Your reply should reproduce each line below exactly and carry none of the pictures.

**** The data ****

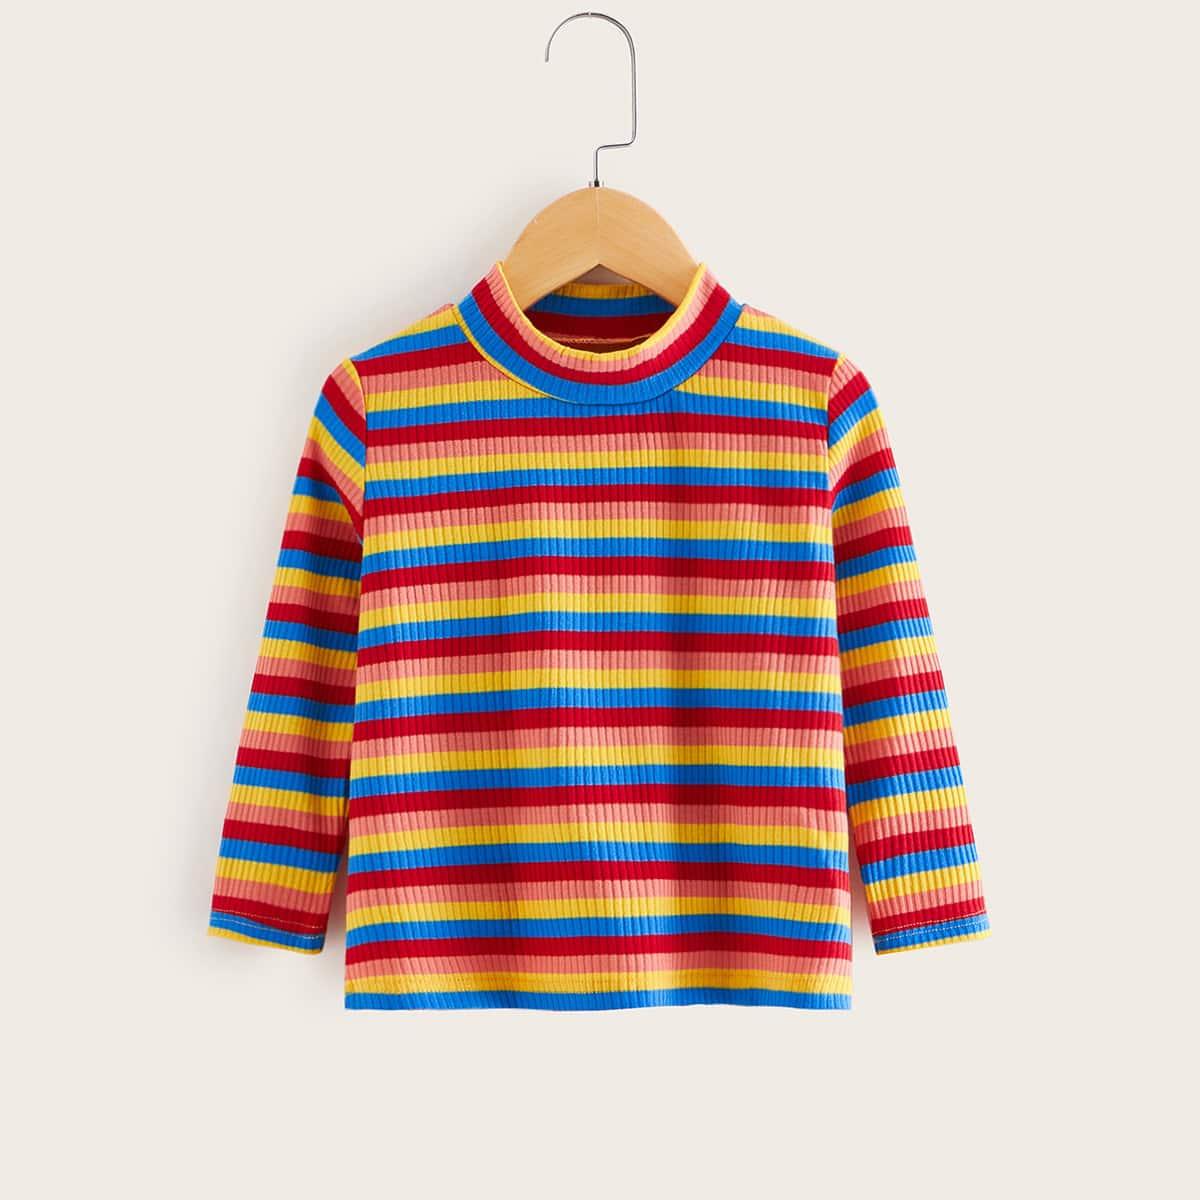 Veel kleurig Casual regenboog streep Shirts kleuters-meisjes Geplisseerde
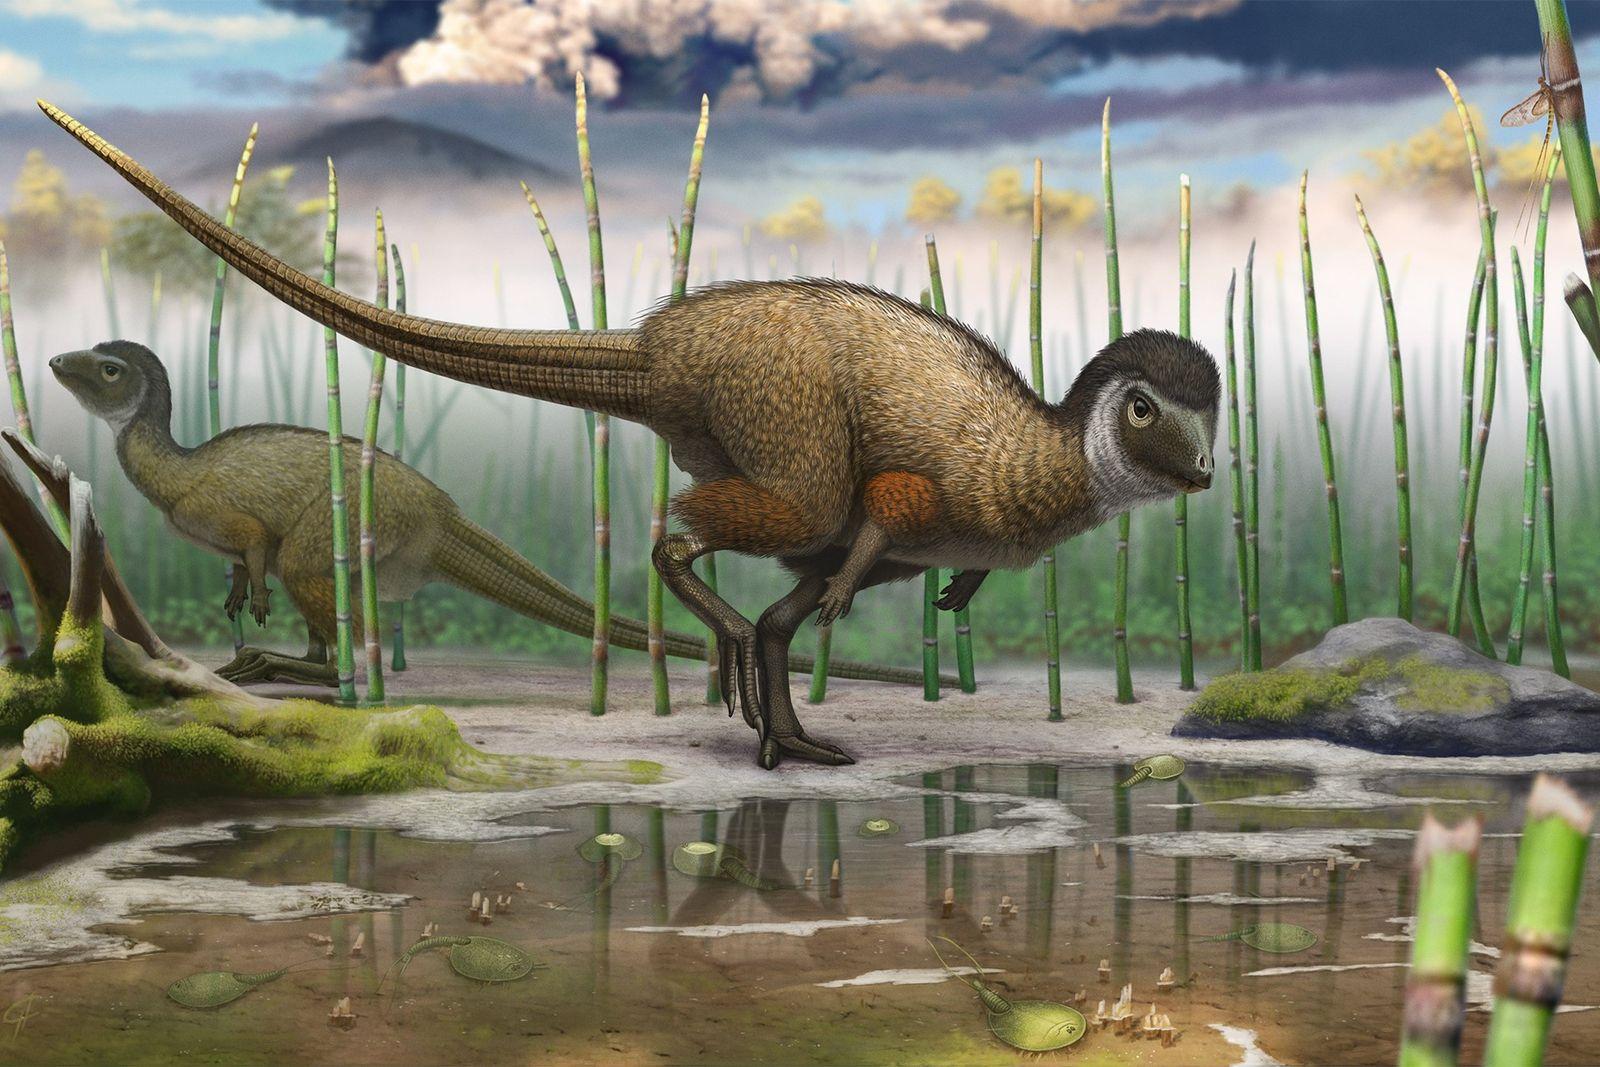 Kulindadromeus feathered dinosaur 01
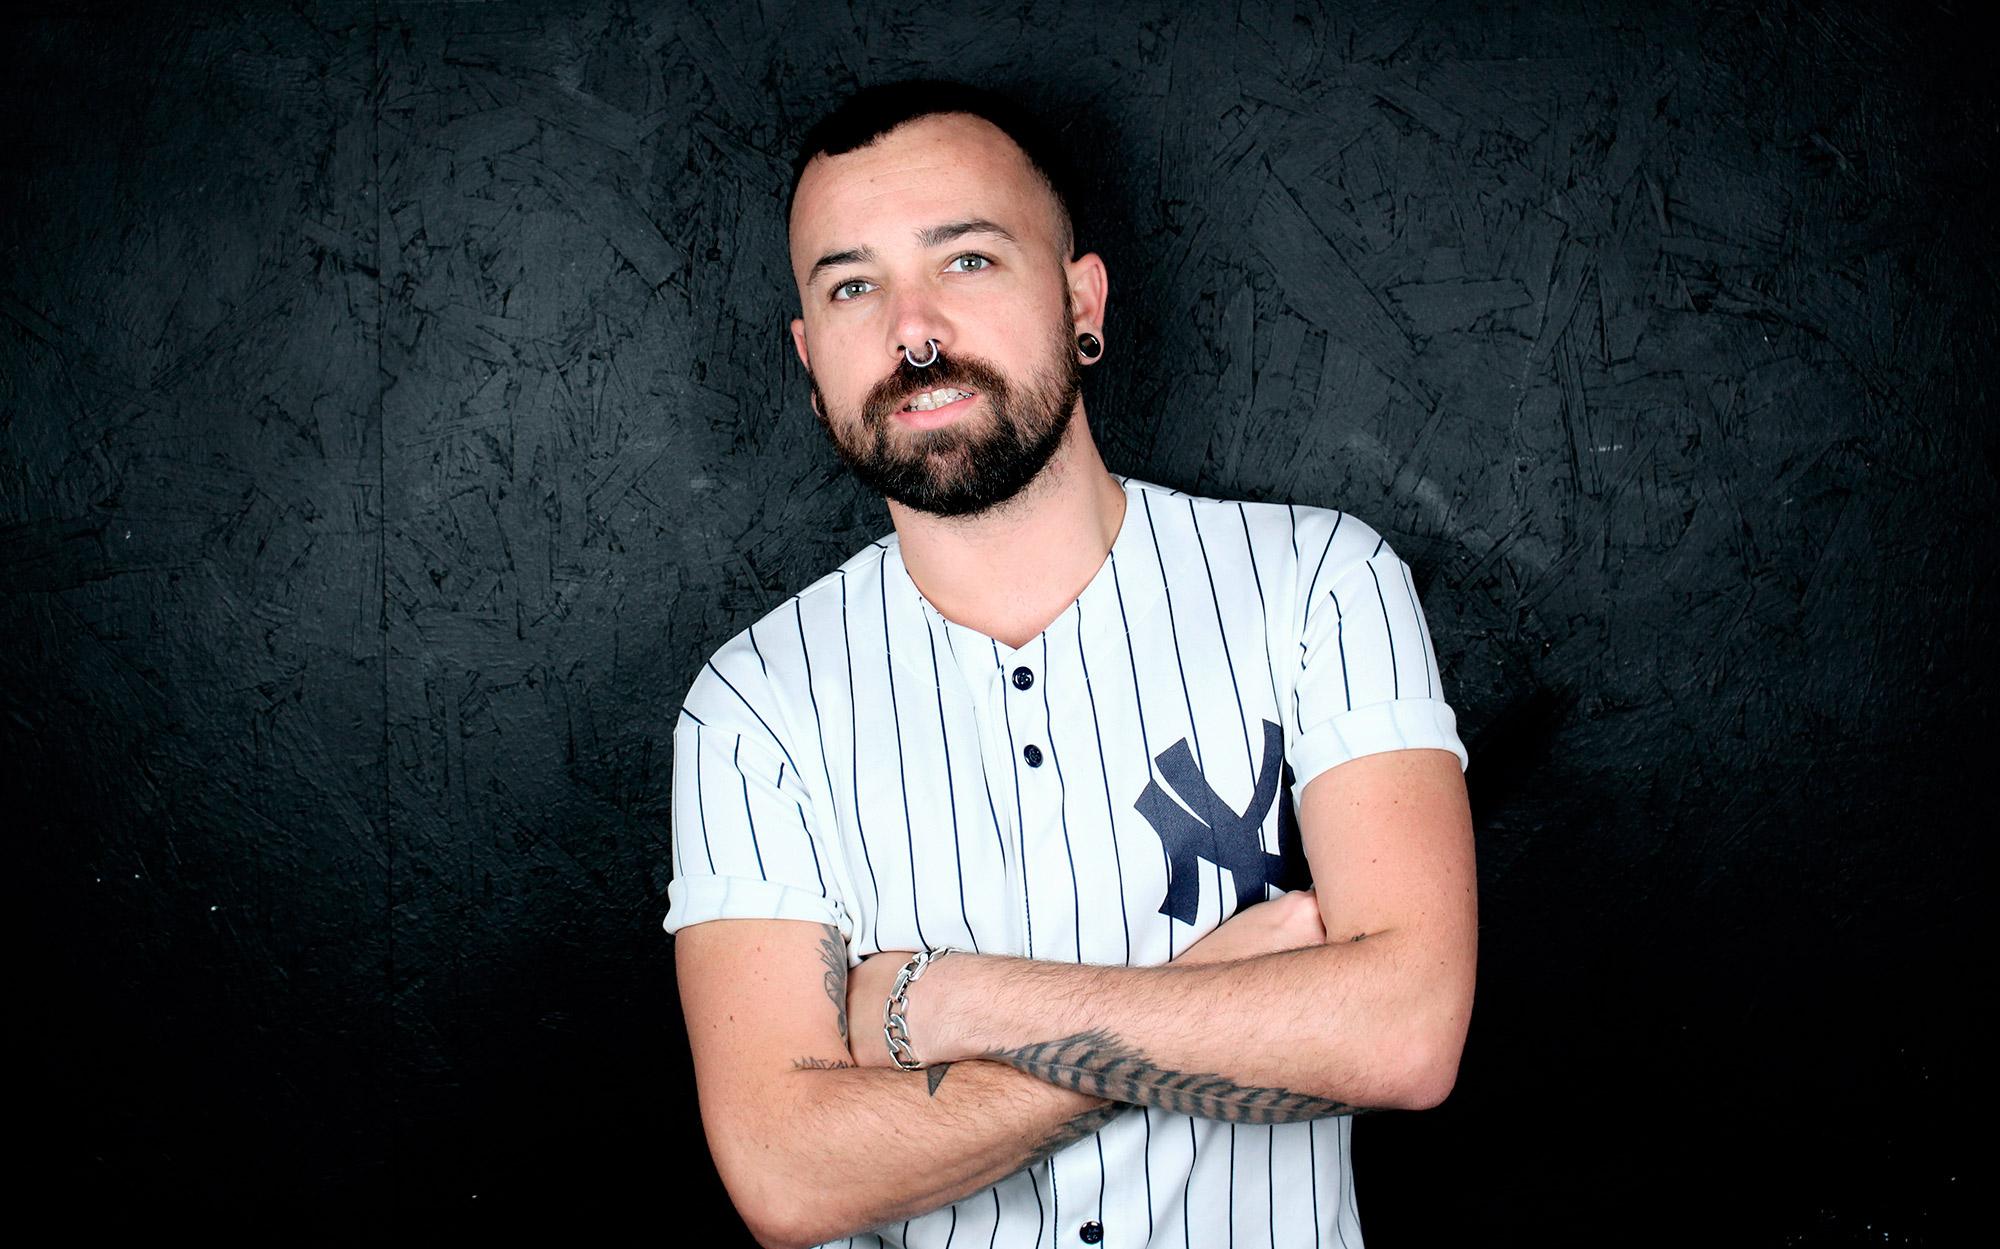 Eloy Gonzalo, 28

****

_Response for this exercise_
 Veel kleurig Casual regenboog streep Shirts kleuters-meisjes Geplisseerde
 Kulindadromeus feathered dinosaur 01
 Eloy Gonzalo, 28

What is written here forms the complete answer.